В тот самый вечер, как мать Манефа сидела у Марьи Гавриловны и вела грустные речи о падении, грозящем скитам Керженским, Чернораменским, Василий Борисыч, помазав власы своя елеем, то есть, попросту говоря, деревянным маслом, надев легонький демикотоновый кафтанчик и расчесав реденькую бородку, петушком прилетел в келарню добродушной Виринеи. Завязался у них поучительный разговор о черепокожных, про которых во всех уставах поминается, что не токмо мирским, но и старцам со старицами разрешено их ядение по субботам и неделям святой великой четыредесятницы. Мать Виринея утверждала, что это об орехах говорится, а Василий Борисыч того мнения держался, что черепокожные – морские плоды, и сослался на одну древлеписьменную книгу, где в самом деле такое объяснение нашлось.

– Так вот оно что, – с удивленьем покачивая головой, говорила мать Виринея, увидя в почитаемой за святую книге такие неудобь понимаемые речи. – Так вот оно что – морские плоды!.. Что ж это за морские плоды такие?.. Научи ты меня, старуху, уму-разуму, ты ведь плавал, поди, по морям-то, когда в митрополию ездил… Она ведь, сказывают, за морем.

– Не за морем, матушка, а токмо по близости Черного моря, того самого, что в Прологах Евксинским понтом нарицается, – молвил Василий Борисыч.

– Помню, голубчик, помню, – сказала Виринея. – А видел ли ты его, касатик?

– Кого, матушка?

– А этот понт-от… – сказала Виринея. – Ведь это, стало быть, тот, про который на троицкой утрени поют: «В понте покрыв Фараона»[178].

 

– То другой, матушка, – ответил Василий Борисыч. – Много ведь их, понтов-то, у Господа, – прибавил он.
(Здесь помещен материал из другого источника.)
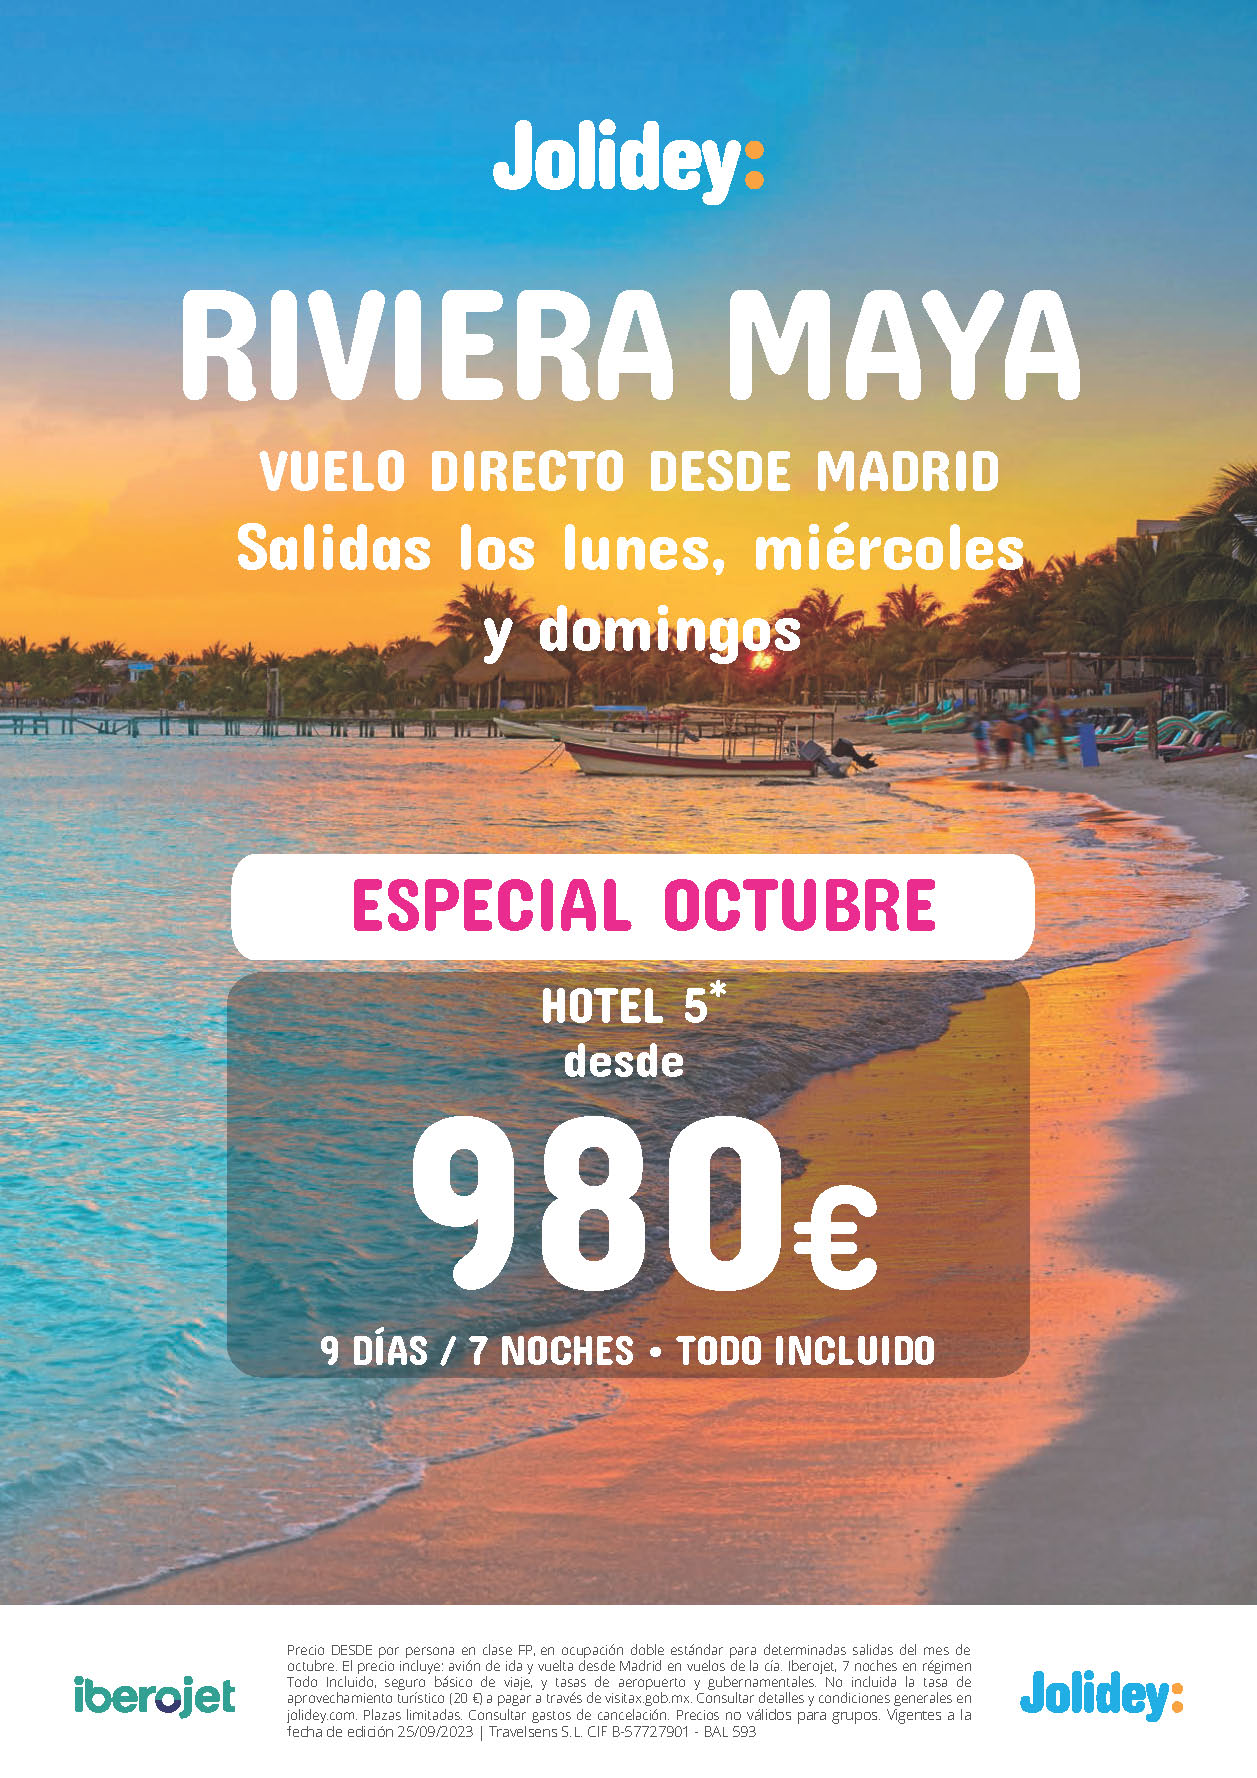 Oferta Jolidey Especial Octubre 2023 Estancia en Riviera Maya Mexico 9 dias Todo Incluido salidas en vuelo directo desde Madrid

– Эка премудрость Божия! – с умиленьем сказала Виринея, складывая на груди руки… – Чего-то, чего на свете нет!.. Так что же, видел ты его, голубчик?.. Понт-от этот?..

– Довелось видеть, матушка, довелось, как в Одессе проездом был, – молвил Василий Борисыч.

– Что ж, родной, этот понт-море, поди, пространное и глубокое? – с любопытством продолжала расспросы свои мать Виринея.

– Пространное, матушка, пространное – краев не видать, – подтвердил Василий Борисыч.

– И глубокое? – спросила Виринея.

– Глубокое, матушка – дна не достать, – ответил Василий Борисыч.

– Как Волга, значит… – со вздохом молвила Виринея и облокотившись на стол, положила щеку на руку.

– Какая тут Волга! – усмехнулся Василий Борисыч. – Говорят тебе, дна не достать.

– Премудрости Господней исполнена земля! – набожно молвила Виринея. – Так вот оно, море-то, какое… Пространное и глубокое, в нем же гадов несть числа, – глубоко вздохнув, добавила она словами псалтыря.

– Есть, матушка, и гады есть, – подтвердил Василий Борисыч.

– Какие же это плоды-то морские, сиречь черепокожные?.. Ты мне, родной, расскажи… Научи, Христа ради… Видал ты их, касатик?.. Отведывал?.. Какие на вкус-то?.. Чудное, право, дело!..

– Морскими плодами, матушка, раковины зовутся, пауки морские да раки… – начал было Василий Борисыч.

– Полно ли тебе, окаянному!.. – закричала Виринея, подняв кверху попавшуюся под руку скалку. – Дуру, что ли, неповитую нашел смеяться-то?.. А?.. Смотри ты у меня, лоботряс этакой!.. Я те благословлю по башке-то!..

Досада взяла Василия Борисыча.

– Ну, матушка, с тобой говорить, что солнышко в мешок ловить, – сказал он. – Как же ты этого понять не можешь!

– Статочное ли дело, чтоб святые отцы такую погань вкушали? – громче прежнего закричала Виринея. – И раков-то есть не подобает, потому что рак – водяной сверчок, а ты и пауков приплел… Эх, Васенька, Васенька! Умный ты человек, а ину пору таких забобонов нагнешь, что и слушать-то тебя грех.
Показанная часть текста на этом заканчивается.